Is Western myopia in Libya creating a far worse version of Gaddafi?

The opinions expressed in this article are those of the author and do not represent in any way the editorial position of Euronews.

If we do not prevent Libya from becoming a mafia state, the trend will not stop at Libya’s borders but become a norm in the region, and especially the Sahel, Hafed Al-Ghwell writes.

ADVERTISEMENT

Today, a gridlocked Libya ambles along in an unsettling calm as Russia increases its presence in the region.

Libya continues to unravel quietly, with indications mounting that rival governments are regrouping for something big.

Recently, Italian authorities intercepted a cargo ship suspected of bringing Russian weapons to General Khalifa Haftar in eastern Libya.

The reason being that Russia is arming Haftar in return for allowing Moscow to build a port on the Mediterranean coast, which would give it a base with Italy directly in its sites.

The country remains compromised, not least by its self-assured ruling elites, but also by the unhelpful policy decisions and changing rules of engagement in Western capitals. I fear the consequences will likely birth the country’s next and likely Muammar Gaddafi.

Flip-flopping Western policies

Briefly looking back, we can see that Western approaches toward Libya have undergone noteworthy changes, shifting from narrow security-oriented strategies to facilitating inclusive political settlements.

And, when that failed to secure meaningful progress in restoring the Libyan state, the West subsequently devolved toward a messy strategy of pursuing agreements among Libya’s differing factions.

This new strategy erroneously viewed bargains between the fractious and unelected Libyan elites as a makeshift bridge toward the ultimate goal—peace and stability.

This is a grave miscalculation and a deliberate misreading of fairly obvious dynamics at play in Libya.

By prioritising exclusive bargains, the West inadvertently sponsored the entrenchment of Libya’s kleptocratic governance model that has successfully sidelined the building of key institutions and security sector reform.

At the core of this ill-informed shift in strategy was a severe underestimation of the underlying causes of Libya’s endemic instability and scapegoating of its political deadlock for a stalled state-building process.
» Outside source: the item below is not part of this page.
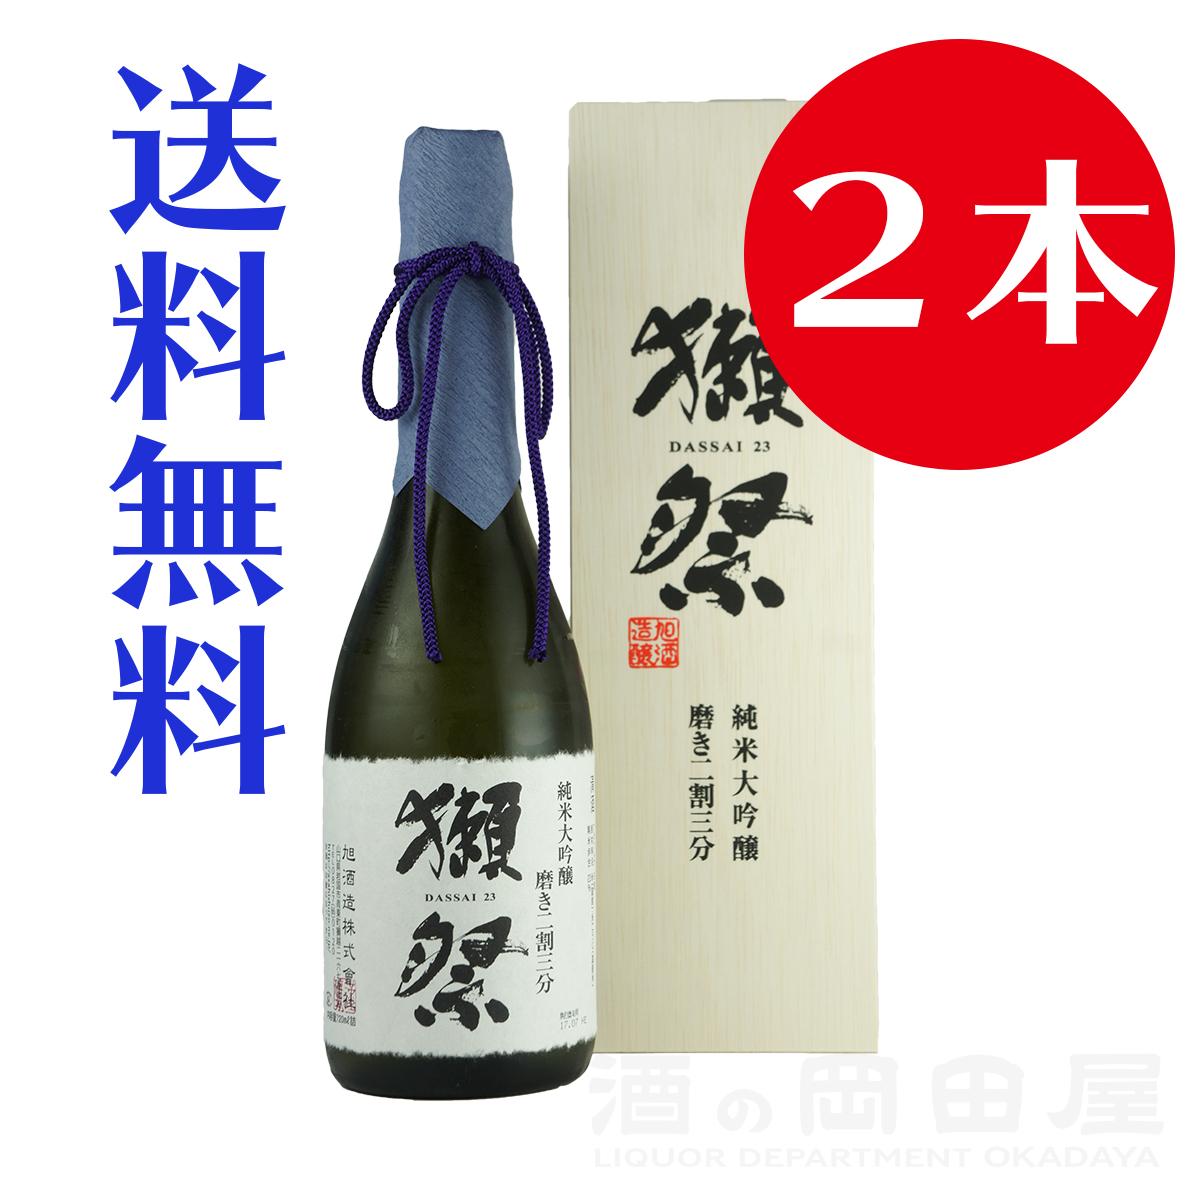 獺祭 だっさい 純米大吟醸 磨き 二割三分 720ml 桐箱入り 2本山口県 旭酒造 日本酒 地酒 ギフト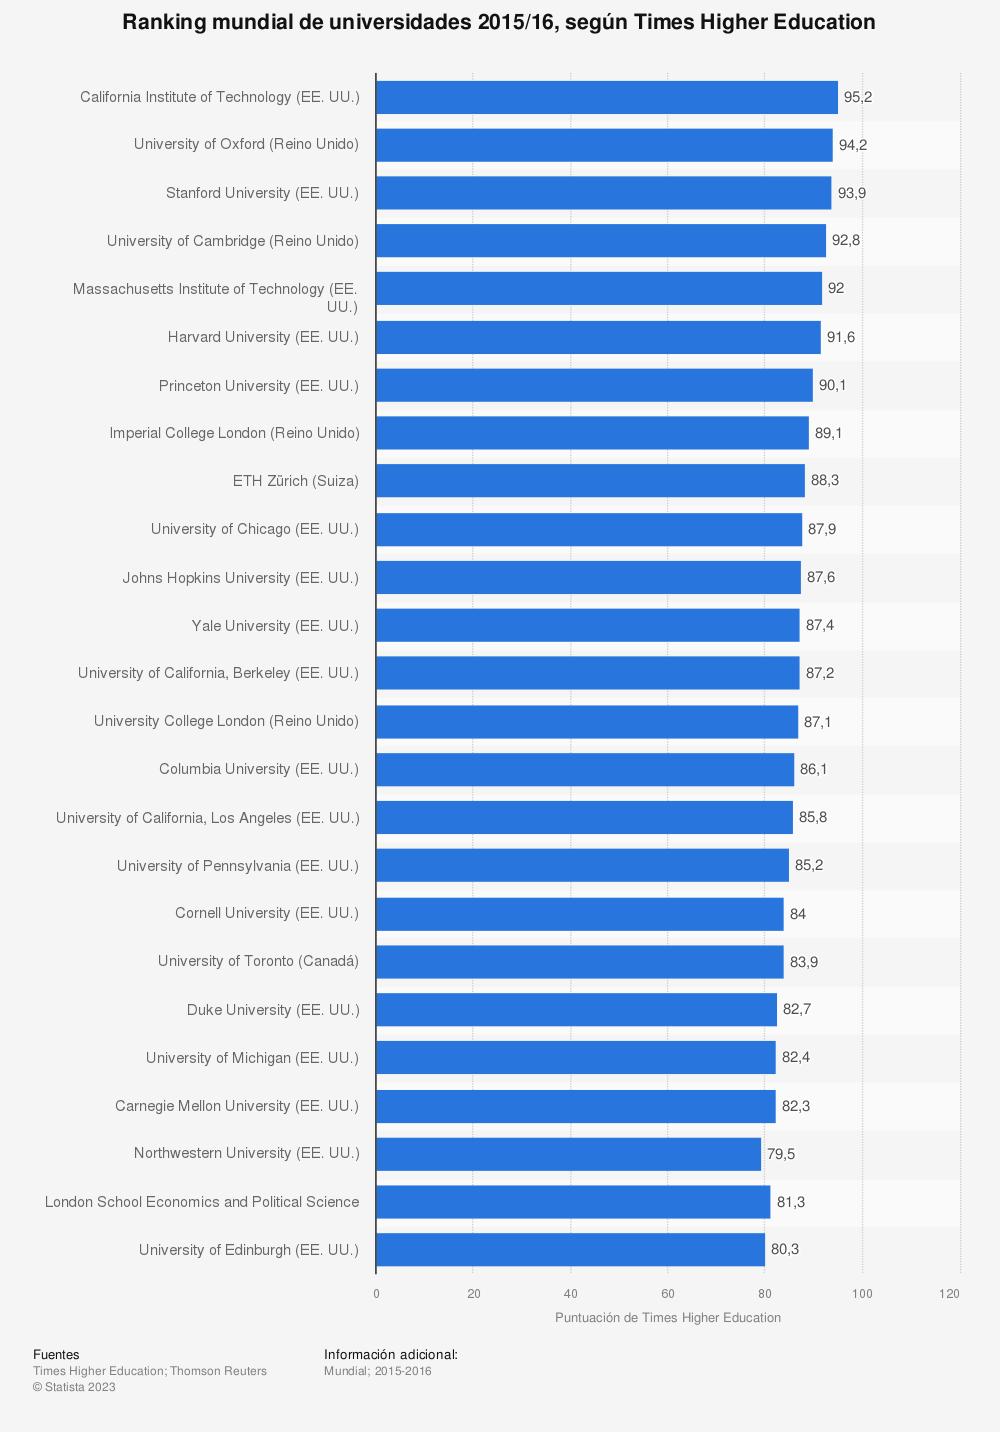 Estadística: Ranking mundial de universidades 2015/16, según Times Higher Education | Statista

It also enabled the meteoric rise of “Clan Haftar”.

Small-time CIA asset turned Libya’s biggest strongman

Khalifa Haftar rose to prominence in Libya as a result of his military background and fortuitous alliances.

An ex-officer in Gaddafi’s army and commander of Gaddafi’s armies who tried and failed miserably to invade Chad, Haftar later turned into an opponent, participating in a failed coup before spending years in exile in the United States as a small-time CIA asset.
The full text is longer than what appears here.